I set the cut-outs aside for a day and thought about this scene—and realized that it wasn’t specific enough. In the rest of the animation, the imagery consists of everyday objects depicted in unusual scenarios. Almost every object is based on something I’ve seen in real life: my favorite coffee cup, my grandmother’s armchair, the funeral home near my house. The trees and deer in the woodland scene were not drawn from memories of real trees or deer, but from images in fairy tales.

That’s when I decided I wanted to make a montage of ordinary actions. Instead of changing the setting, I would change the perspective. I would show the character engaged in one domestic activity after another, using the trope of a montage to tenderly poke fun at the idea that it's possible to become perfect.

I love montages. I love how sentimental they are, and how they depict almost nothing of how time passes, but so much of how it feels to look back on things. I wonder how our ability to instantly “montage” our own lives through social media affects our way of thinking about things. I have a love-hate relationship with those perfectly Instagrammable moments—the well-plated, locally-sourced dinner; the perfect mid-day latte; the urban mason jar—you know what I mean.

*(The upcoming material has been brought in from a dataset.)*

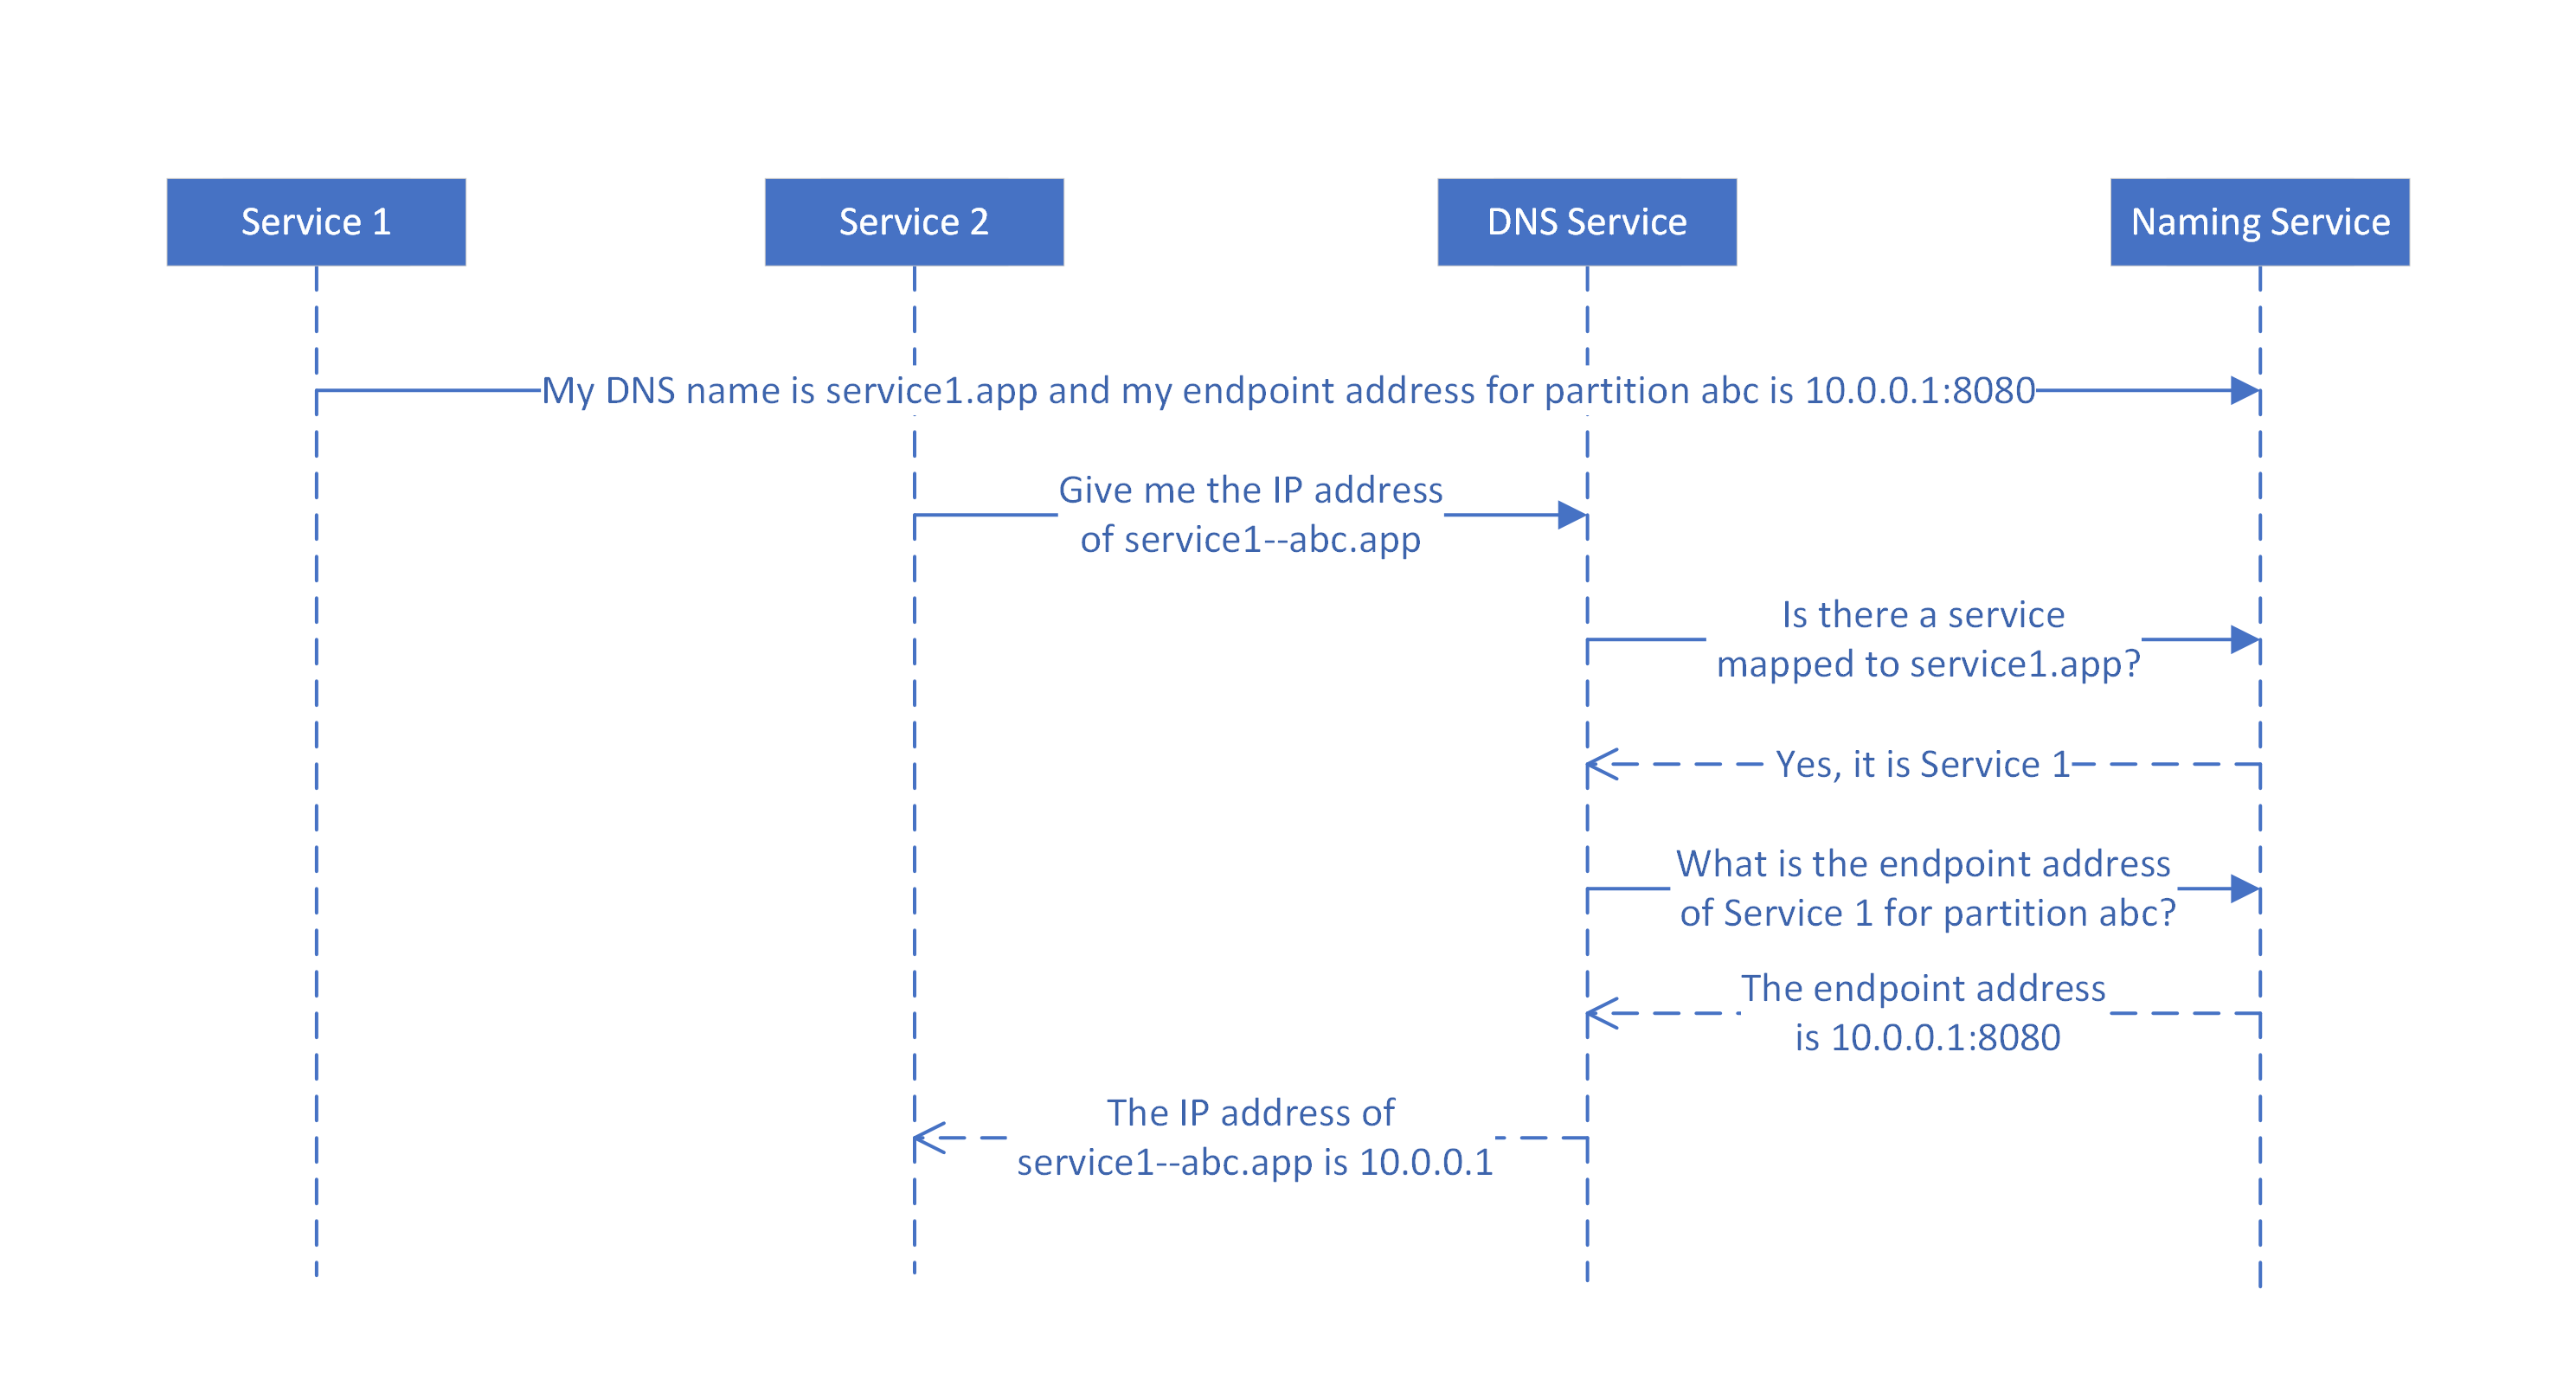 رسم تخطيطي يوضح كيفية تعيين أسماء DNS إلى أسماء الخدمات بواسطة خدمة DNS للخدمات ذات الحالة المقسمة.

I think that my issue has to do with making personal happiness a consumer item. This surely isn’t a new thing. Instagram didn’t invent bragging. When we don’t have something, we can become consumed with wanting it. When we get it, we know that our lives our still as complicated as before, and yet it is easy to fall prey to the allure of making ourselves appear simple now that we’ve gotten this (socially-acceptable) thing.

Stranger Here is about being unhappy and thinking it’s because of one thing, and then finding out that when that thing changes, the feelings don’t really change. There’s a quote I read (on Facebook, naturally) that goes something like, “Don’t judge yourself, because you’re always comparing your blooper reel to someone else’s highlight reel.” But much of the time, we put our highlight reel out into the world as the official storyline. And maybe that is inevitable when we are communicating in such short bursts. I'm not anti-Social-Media, but I am curious how, over time, the forms of communication we use might change the way we perceive the world, and ourselves. I think that’s why it is so important to also share longer, complicated narratives that aren’t all good or all bad, but are nuanced and ambivalent. They help us read between the lines of the 140 characters.

Two weeks from now, I will post the completed trailer. Hopefully, the guy doing the soundtrack will have come up with some sweet montage music.

Molly's previous pieces on process can be found here.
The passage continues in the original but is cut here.